Я тихо ойкнула, прикрыла рот ладонью, а мама вздрогнув, порывисто вздохнула и принялась есть суп. Старательно делая вид, что ничего страшного не случилось.

– Мама, – вырвалось изо рта.

– С ней все нормально, – отмахивается отец, – так ведь? Иришка?

Вижу как тяжело сглатывает мама обиду. Ее кадык дергается, его хорошо видно на тонкой шее.

– Да, Валер. Ася, правда, все хорошо, – отвечает мам не поднимая головы.

Отец самодовольно оскалился, выставляя на показ щербатый рот, погладил маму по голове, и вид у него был такой, как будто собаку за послушание приласкал.

“Как будто собаку,” – подумала с болью и тут же устыдилась своих мыслей.

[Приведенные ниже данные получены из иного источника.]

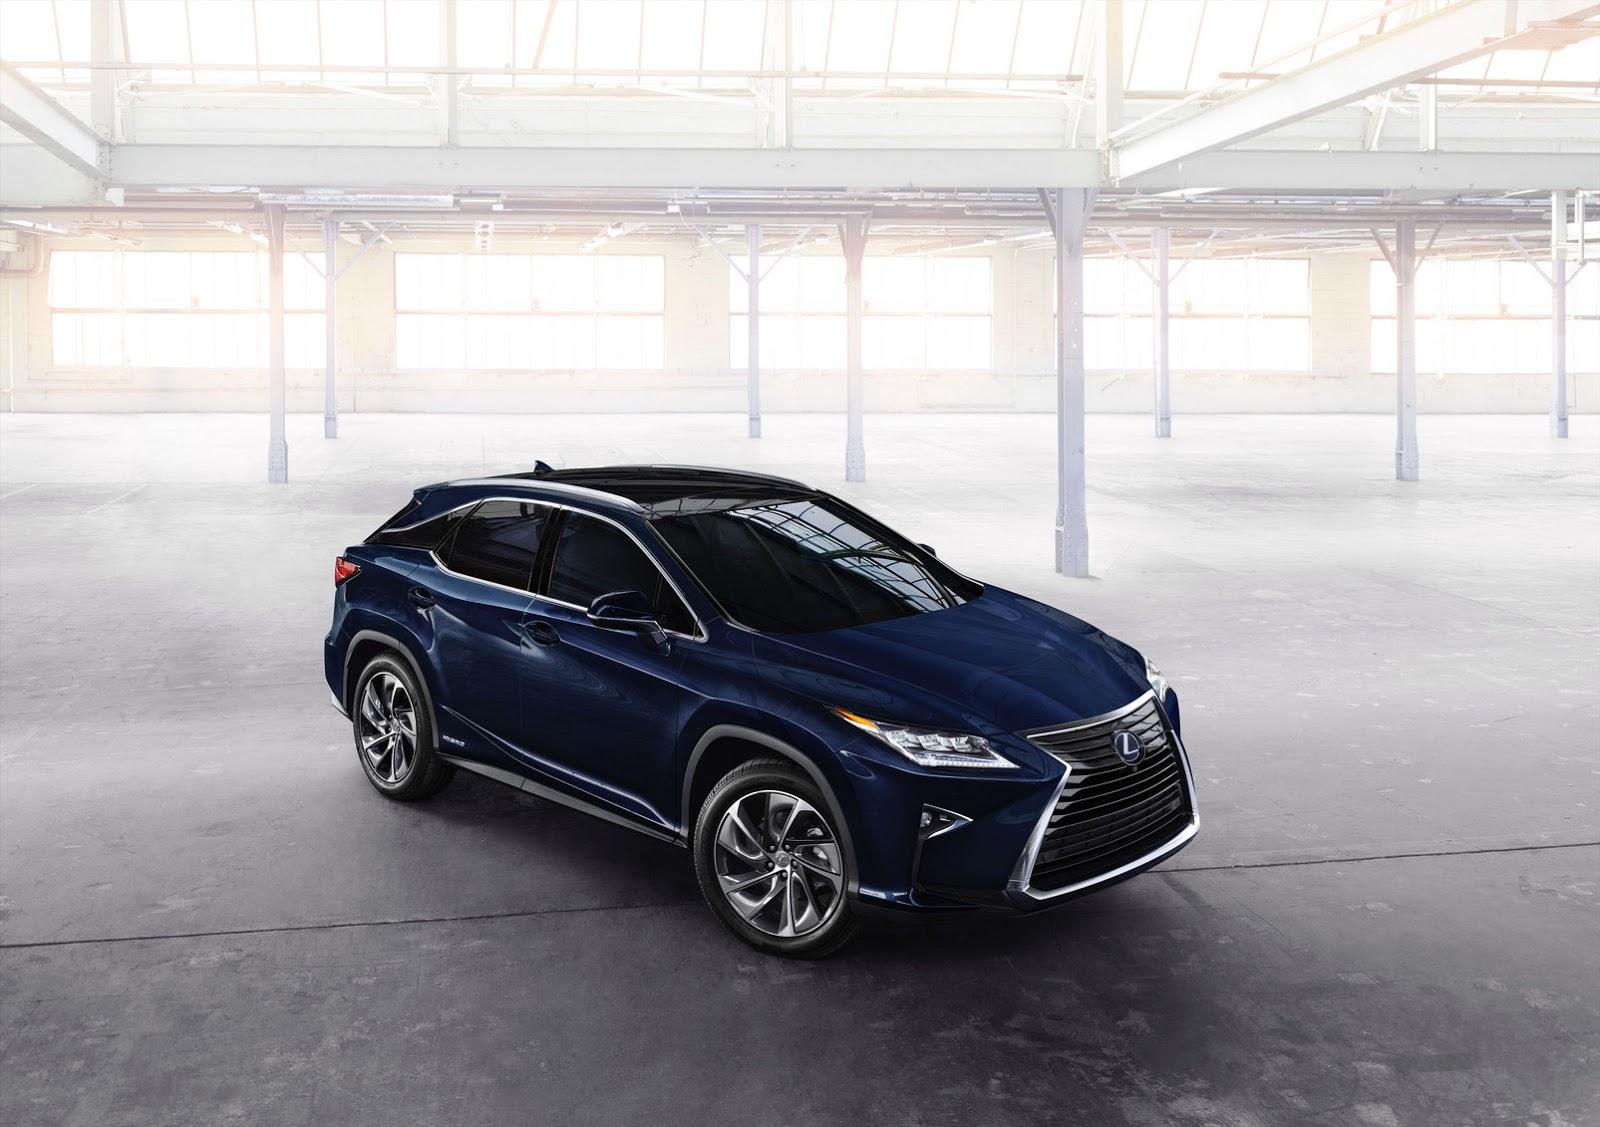 New York Auto Show 2015: Lexus RX 2016 ra mắt

Во мне вскипает кровь. Резко поворачиваюсь к отцу. Зло шиплю ему в лицо:

– Ты что о себе возомнил? Больной ублюдок, – толкаю его.

У отца аж ложка из рук выпала.

– Ася! – вскрикивает мама.

– Ах, ты сучара! Ты кому это мне сказала? Мне?! Родному отцу? – срывающимся на хрип голосом произносит отец, вращая ошалело глазами.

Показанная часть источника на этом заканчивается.